INPUT DATA »
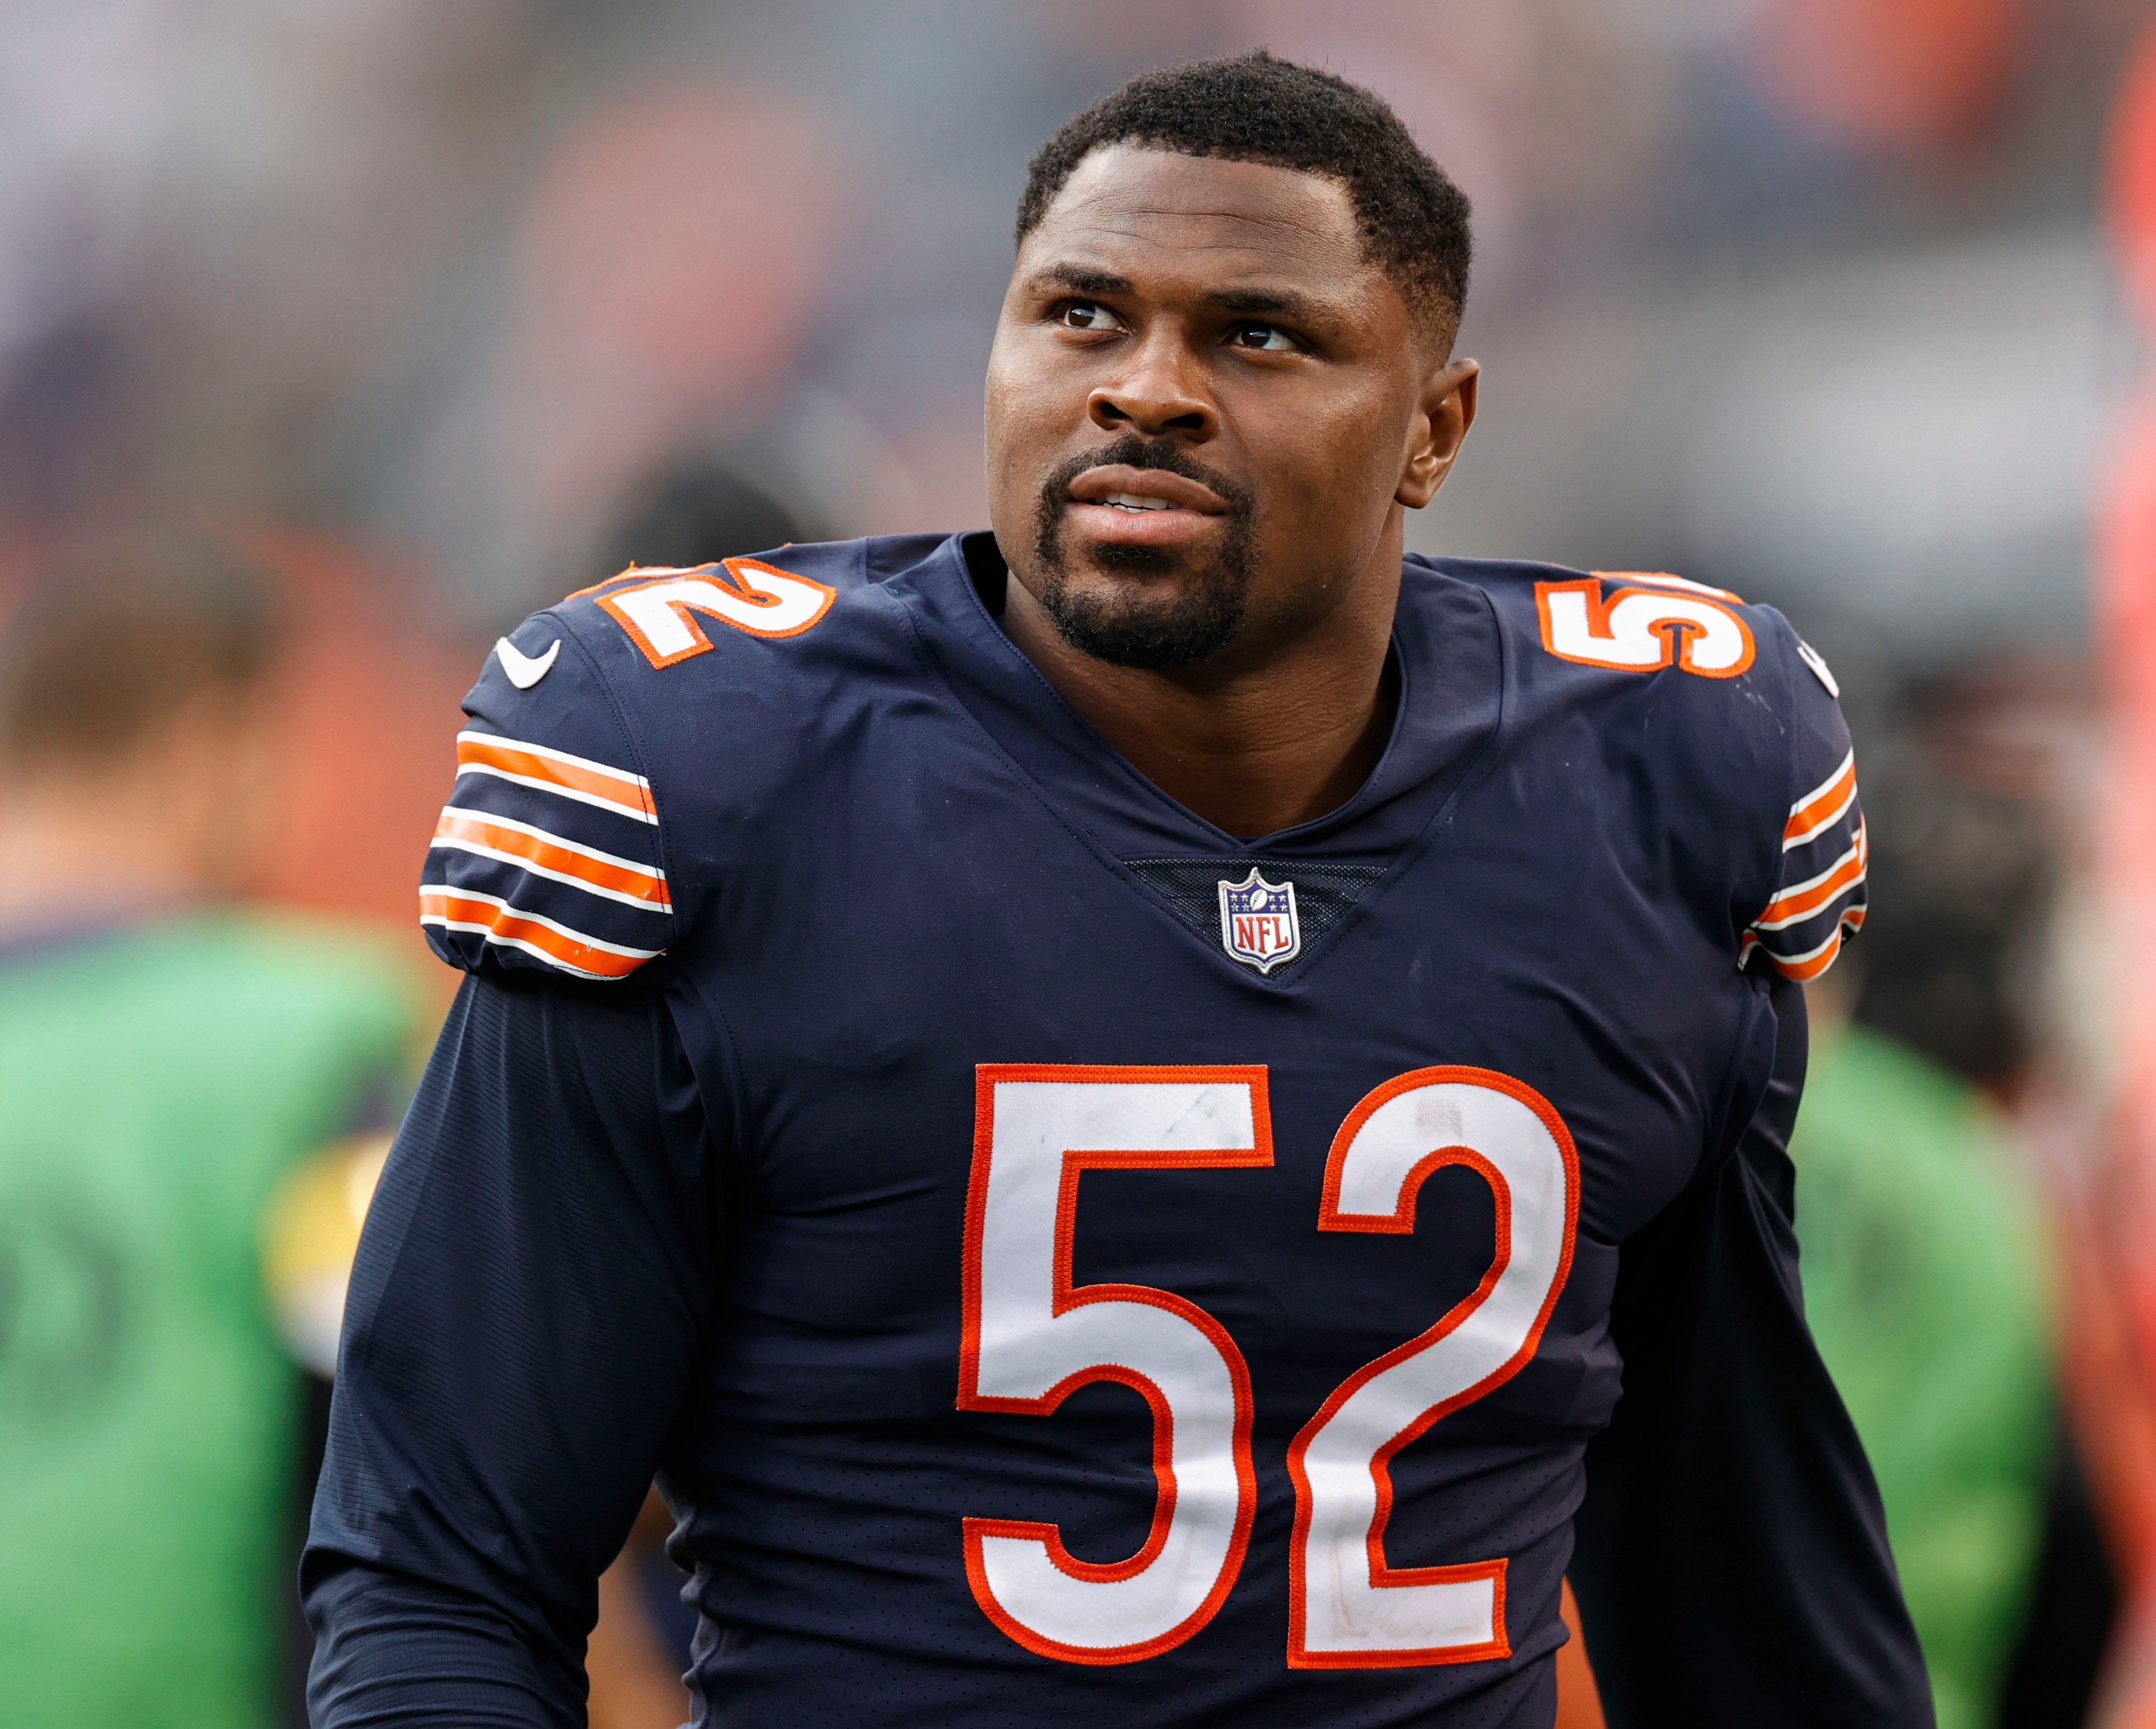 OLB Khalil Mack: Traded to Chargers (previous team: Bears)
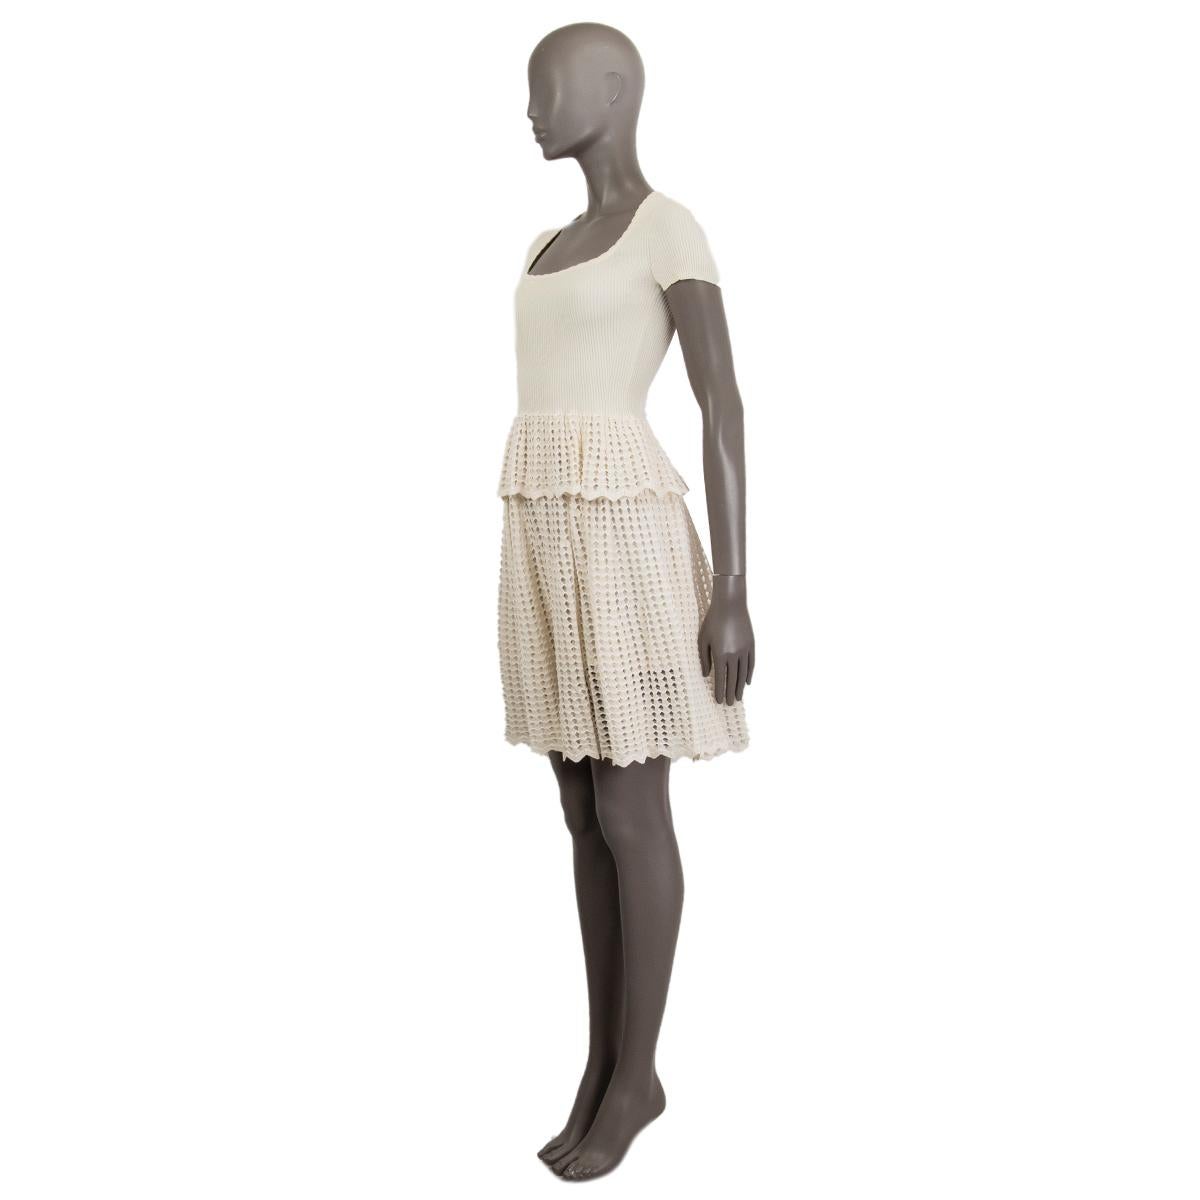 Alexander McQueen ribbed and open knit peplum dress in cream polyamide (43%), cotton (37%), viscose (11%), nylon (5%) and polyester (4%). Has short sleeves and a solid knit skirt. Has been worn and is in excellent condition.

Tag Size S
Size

TASK ITEM »
Instruction for this listing: copy it exactly, but leave the images behind.

ANSWER TO THE EXERCISE »
 OLB Khalil Mack: Traded to Chargers (previous team: Bears)
 Alexander McQueen ribbed and open knit peplum dress in cream polyamide (43%), cotton (37%), viscose (11%), nylon (5%) and polyester (4%). Has short sleeves and a solid knit skirt. Has been worn and is in excellent condition.

Tag Size S
Size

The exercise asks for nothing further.